А вот о поляке Яне Бжевском ходили по двору куда более забавные россказни. Этот низенький и юркий, тонконогий, с бриолиновым пробором и холеными усиками мужчинка оказался, видите ли, большим любителем жениться. Он не мог устоять перед наивным и разноликим очарованием захолустных наших невест. Он женился три раза подряд и трижды, чин чином, развелся. Но на четвертый раз дал промашку: его прибрала к рукам здоровущая хохлуша, чернобровая дева, повариха с фабрики-кухни. Она сбрила ему усики, не выпускала гулять без присмотра и, по свидетельству соседей, изрядно поколачивала. От добрых фабричных борщей Ян Бжевский в течение одной зимы накопил брюшко, размордел, приобрел степенность походки и почти перестал коситься на встречные юбки…
Но уж кого я знал не понаслышке, а с кем был дружен, по-настоящему дружен и очень той дружбой дорожил и гордился, так это Франсуа.
Дядя Франсуа - так я его называл, так называли его все наши мальчишки.
Какая может быть дружба с человеком, которого называешь дядей? Это верно. Это очень глупая привычка, существующая в мальчишеском обиходе: любого, кто выше тебя на голову, кто распрощался со школой, производить в дядья.
Франсуа было всего лишь двадцать лет.
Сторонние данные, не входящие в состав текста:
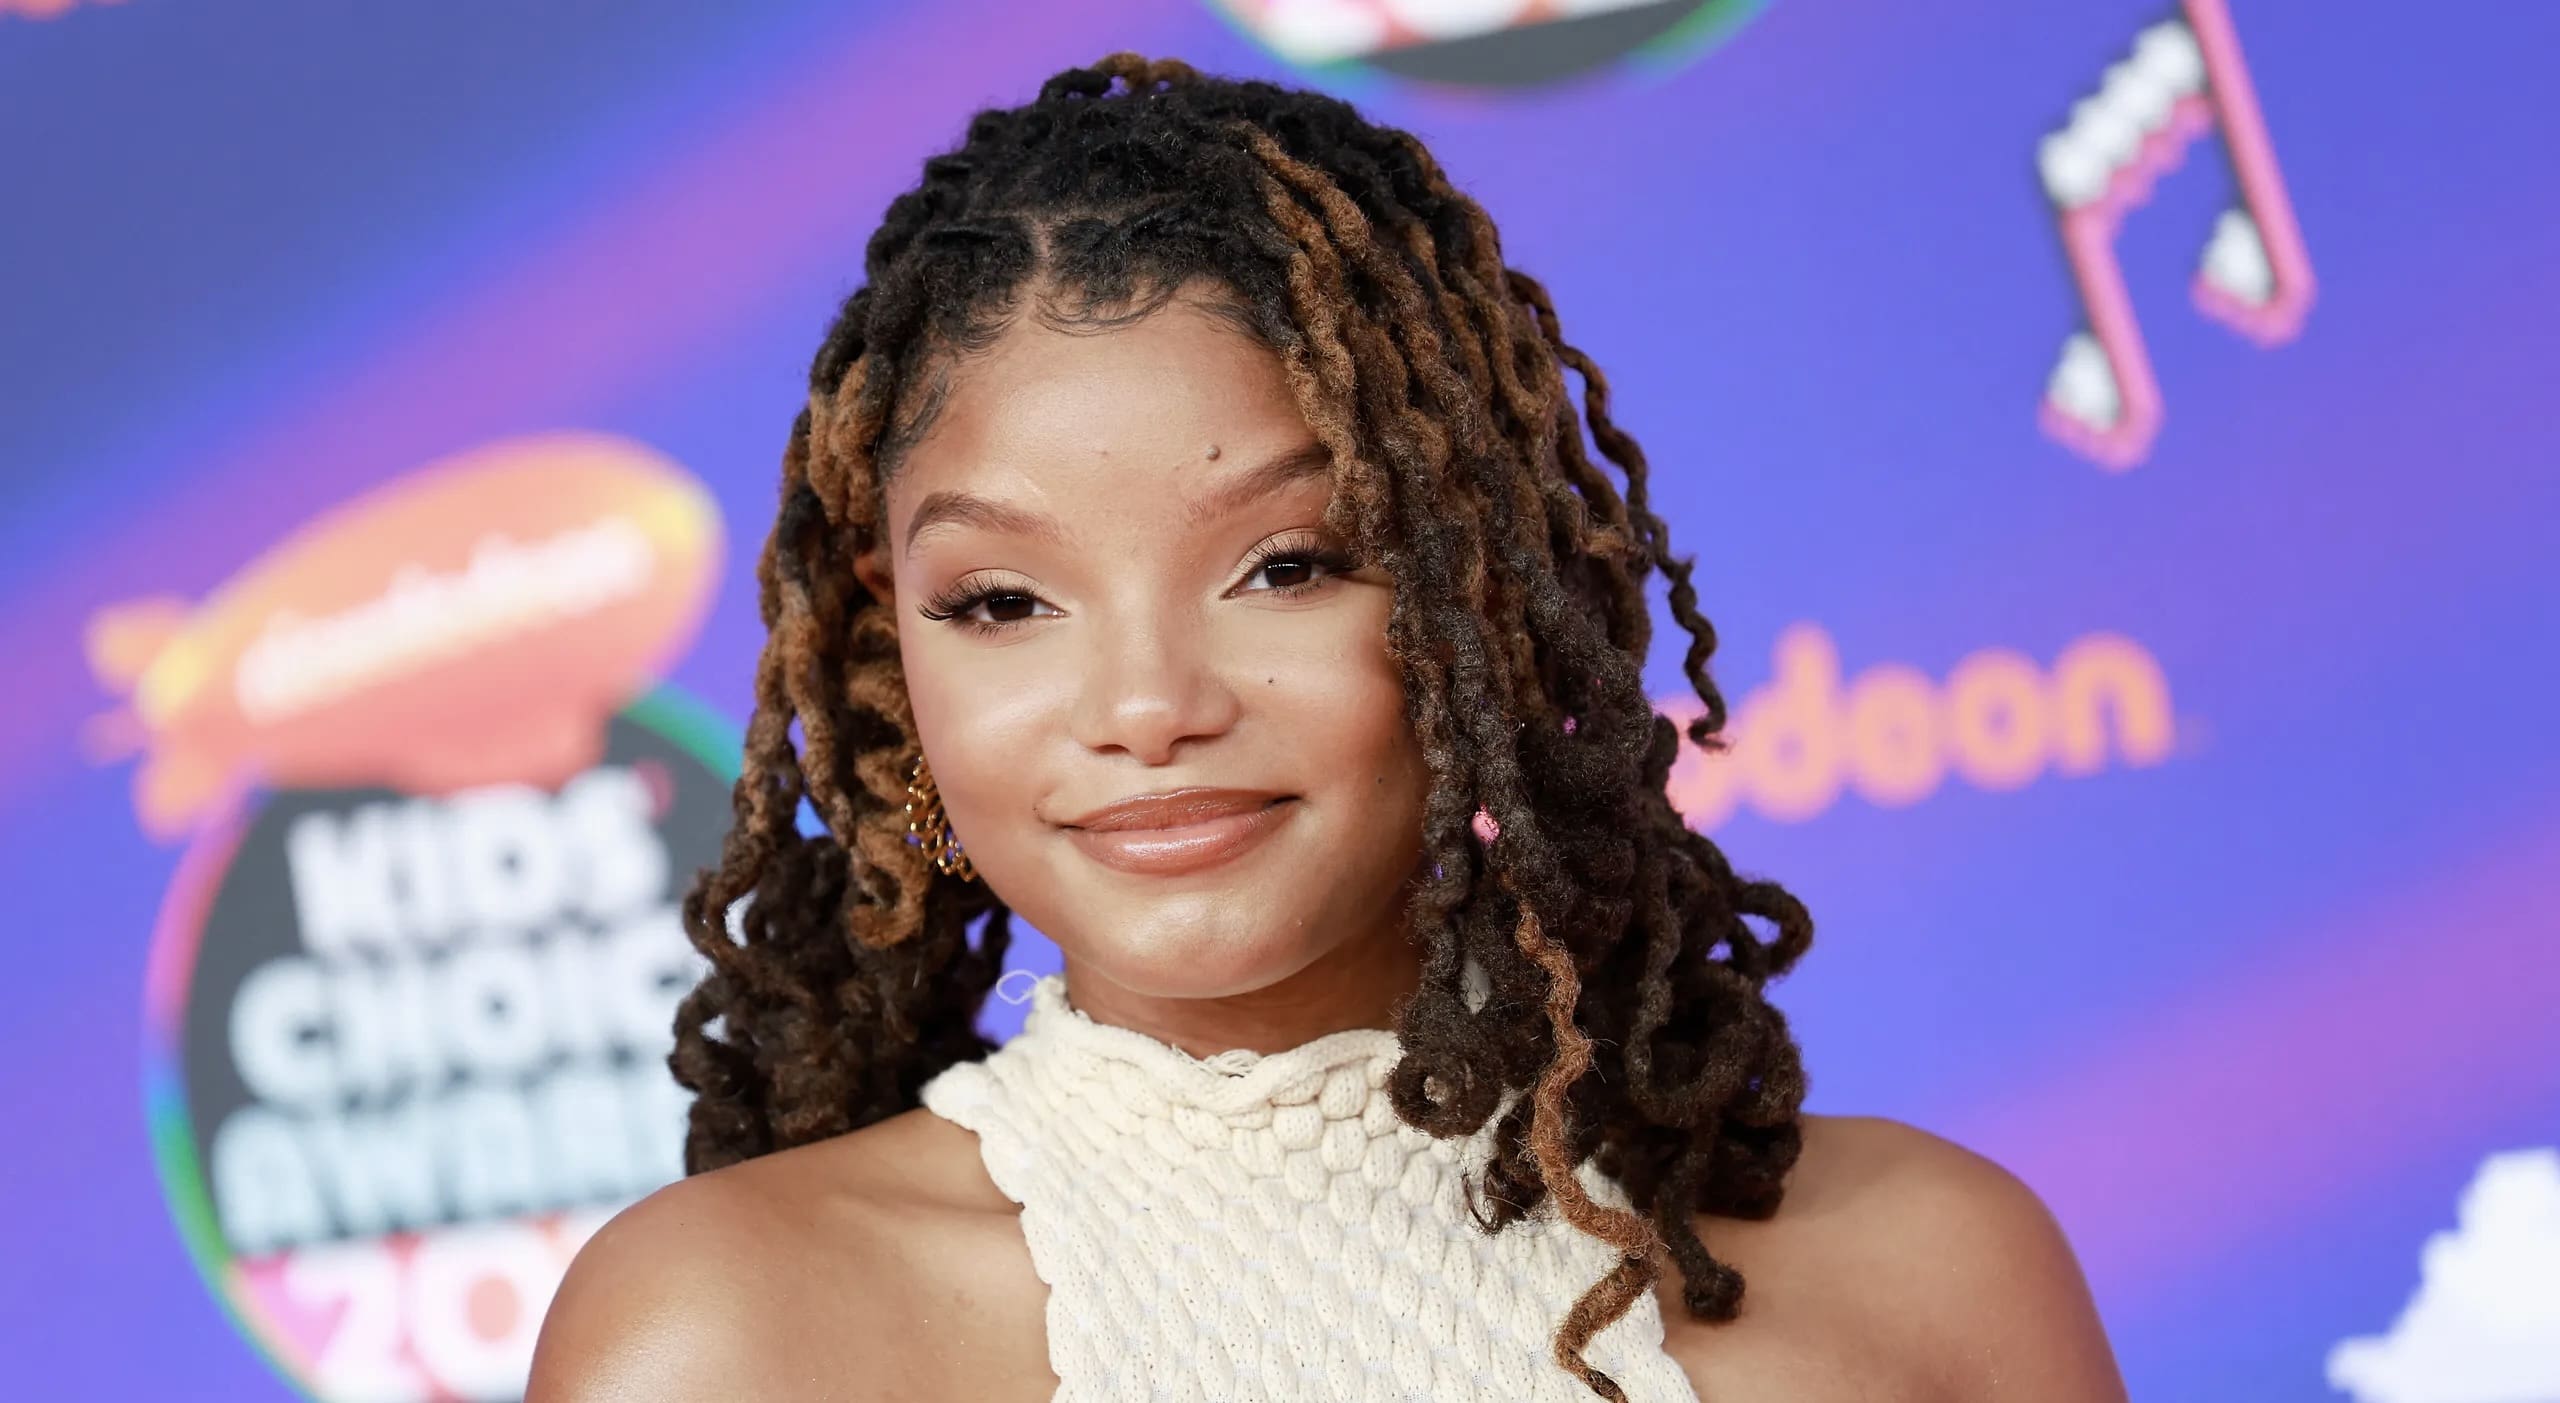 Halle Bailey Shared An Adorable Video Of A Little Fan Who Just Could Not Let Go Of Her At Disney World

И сам он даже не являлся политическим эмигрантом, а был только сыном политического эмигранта. Он приехал из Франции недавно, вместе с отцом и матерью, и поступил здесь в политехнический институт, а там, у себя, он учился в лицее.
Кой черт мы звали его дядей? Непонятно. Разве потому лишь, что это ему самому очень нравилось и возвышало его в собственных глазах…
Дело в том, что Франсуа принадлежал к особой категории взрослых людей, которые никак не могут расстаться со своим детством.
Был он саженного роста, строен, плечист, спортивен. Голову его украшала восхитительная золотая шевелюра. Щеки полыхали зоревым румянцем. И тридцать два зуба, белых как молоко, сверкали открыто и весело.
Он был очень красив. Удивительно красив.
Окрестные барышни сохли и чахли, сходили с ума, скитались унылыми парами вокруг нашего дома и даже друг от дружки не прятали своего отчаяния. Достойные дамы, умудренные мамаши смущались и таяли, потупляли взоры и жеманились, когда во дворе с ними учтиво и приветливо здоровался этот двадцатилетний юноша. Мужья и отцы улыбались беспечно и каменно.
Но самому Франсуа до этого не было ни малейшего дела.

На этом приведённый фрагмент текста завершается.